In the example of step S501 in FIG. 9, the processing unit 40 (for example, the second detection unit 44 in FIG. 7) obtains a fitting curve of the photographer's face size history stored in the storage unit 50. For example, the change in the size of the photographer's face during a given period τ can be approximated by a fitting curve. Such a fitting process can be performed by, for example, the least square method, and the fitting curve is expressed by, for example, a quadratic function. When the vertical axis of the fitting curve is y and the horizontal axis is x, the fitting curve can be expressed as y = a · x ² + b · x + c. Here, a represents the coefficient of the second-order term, b represents the coefficient of the first-order term, and c represents the intercept (y coordinate of the point where the fitting curve intersects the vertical axis).

  FIG. 10 shows a calculation example of the fitting curve. In the example of FIG. 10, the fitting curve indicated by the dotted line is a quadratic function in which the history of the photographer's face size is represented by the least square method. In the example of FIG. 10, 11 samples in a given period τ including the current time tn are employed. In the example of FIG. 10, the fitting curve represents 11 samples with high accuracy.

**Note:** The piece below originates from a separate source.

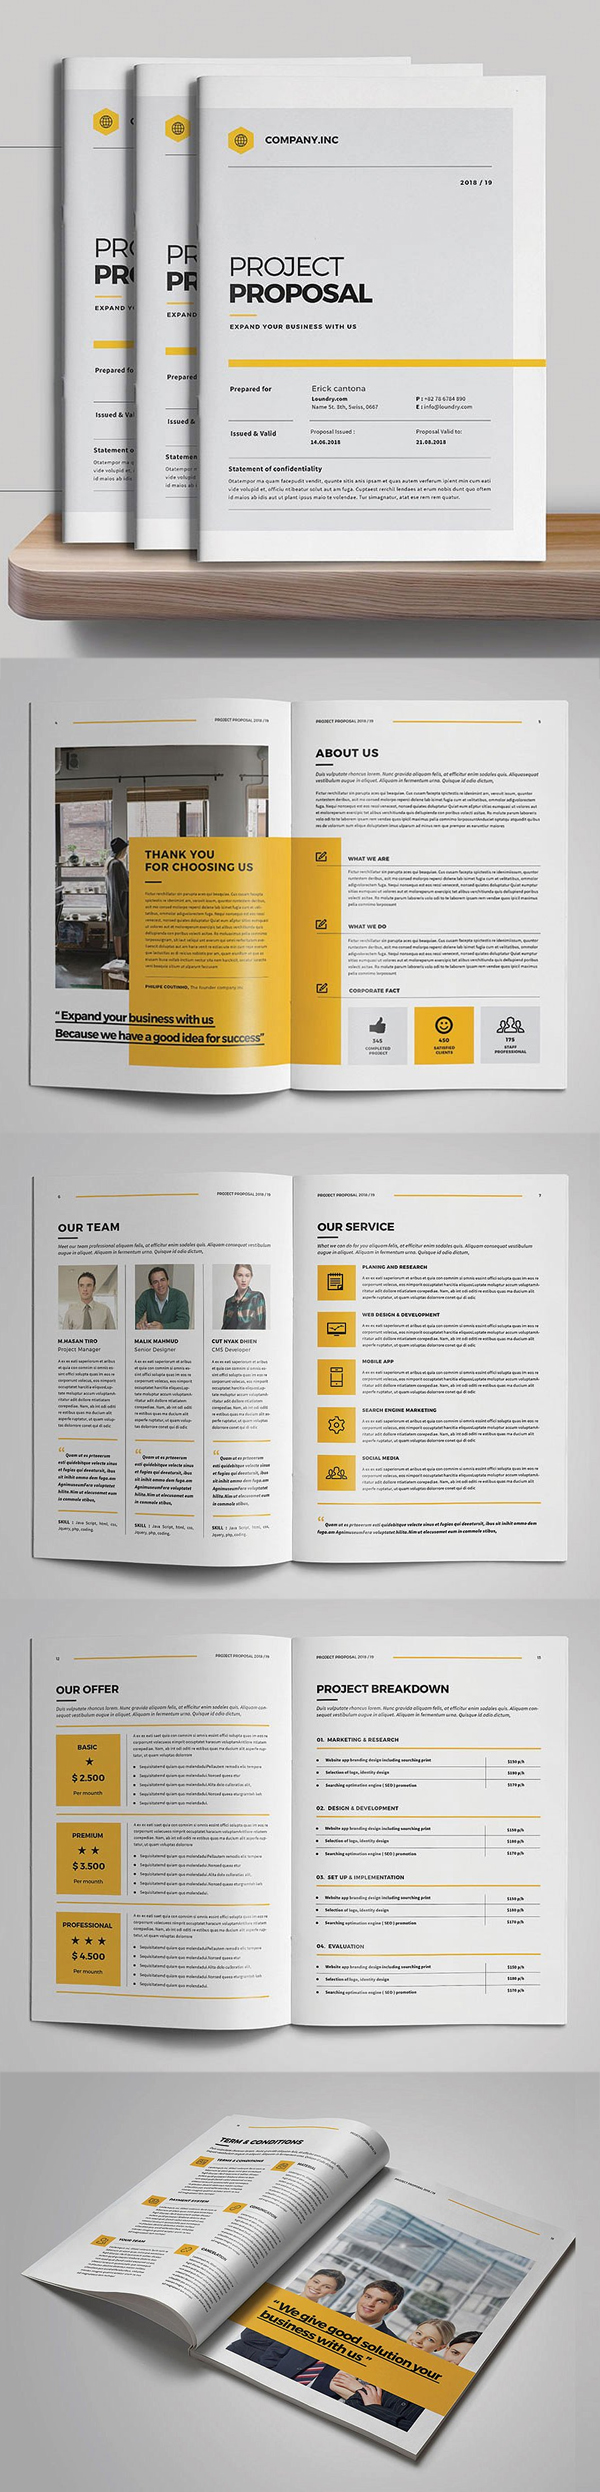 Professional Business Proposal Templates Design - 13
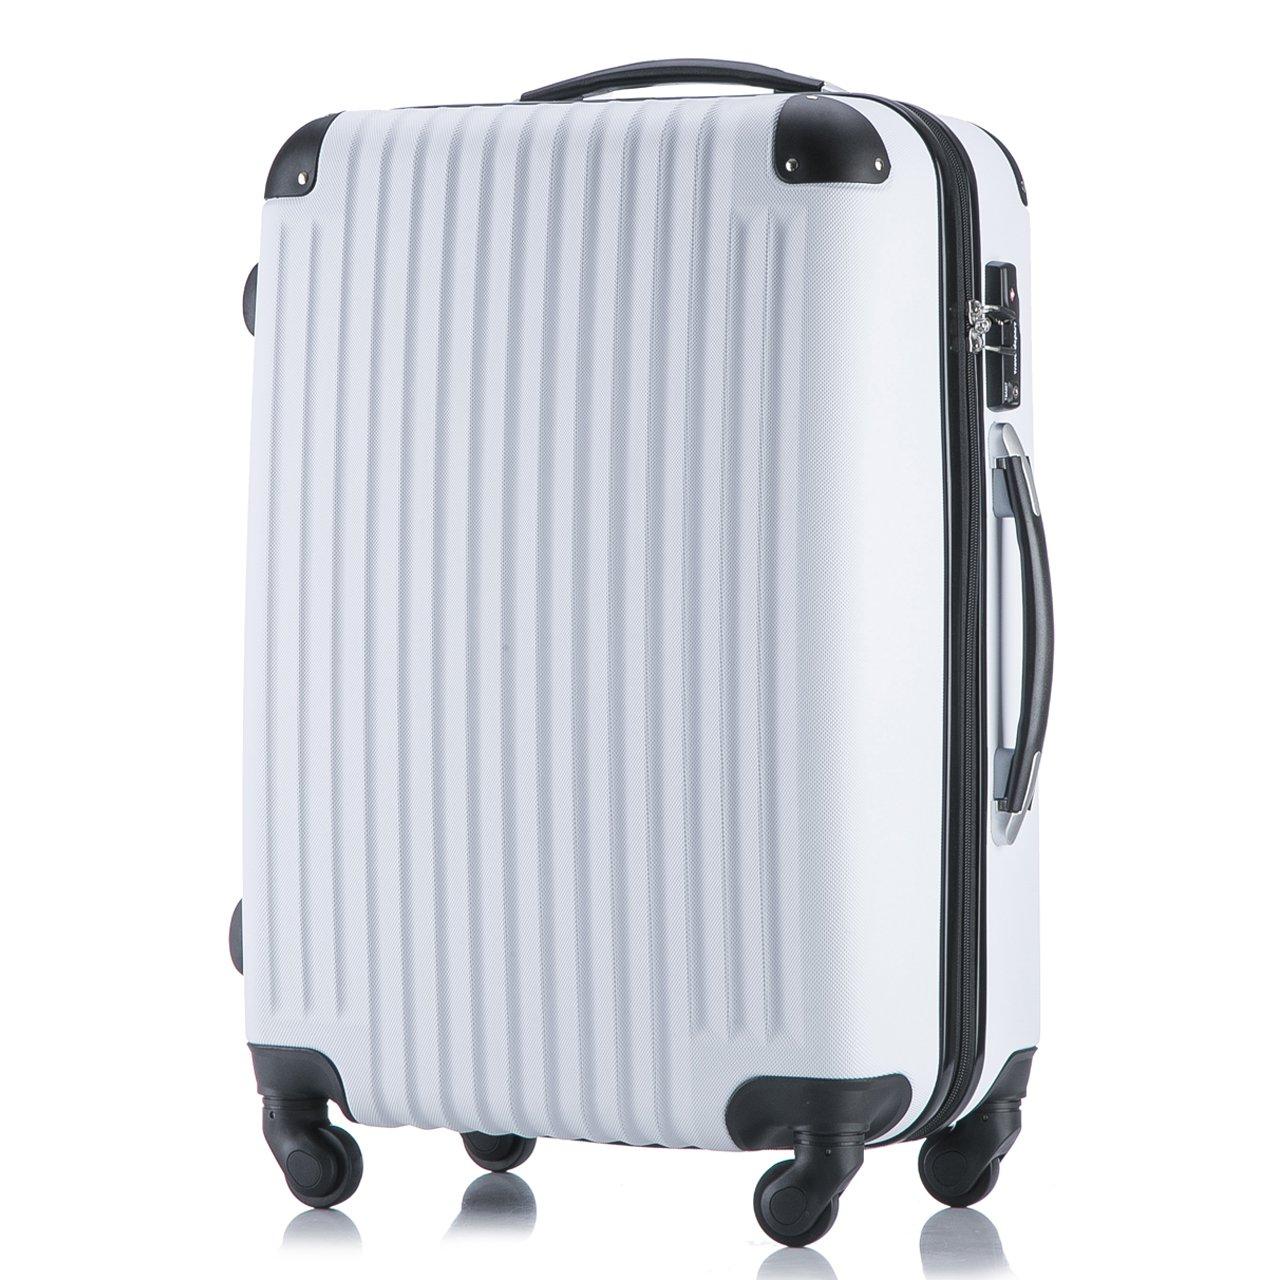 378f883c8f (トラベルデパート) 安心の3年保証 超軽量スーツケース TSAロック搭載 機内持込み ファスナータイプ ダイヤル式 保管カバー付

  However, when the photographer's face size fluctuates drastically, the fitting accuracy deteriorates. Such a situation corresponds to, for example, when the number of times the photographer's face is detected is small in a given period τ. In other words, such a situation corresponds to, for example, when the photographer is not looking at the imaging device 100 (second imaging unit 49), and the history of the photographer's face size is not valid. Even in such a situation, since a fitting curve can be obtained, unnecessary zoom operations that do not match the photographer's intention can be suppressed in steps S502 and S503 in FIG.

  On the other hand, when the accuracy of the fitting is good, the zone determination can be performed based on the change history of the photographer's face size in step S504 in FIG. Even if the accuracy of the fitting is good as a result of the zone determination, an unnecessary zoom operation that does not match the photographer's intention can be suppressed in steps S504 and S503 in FIG.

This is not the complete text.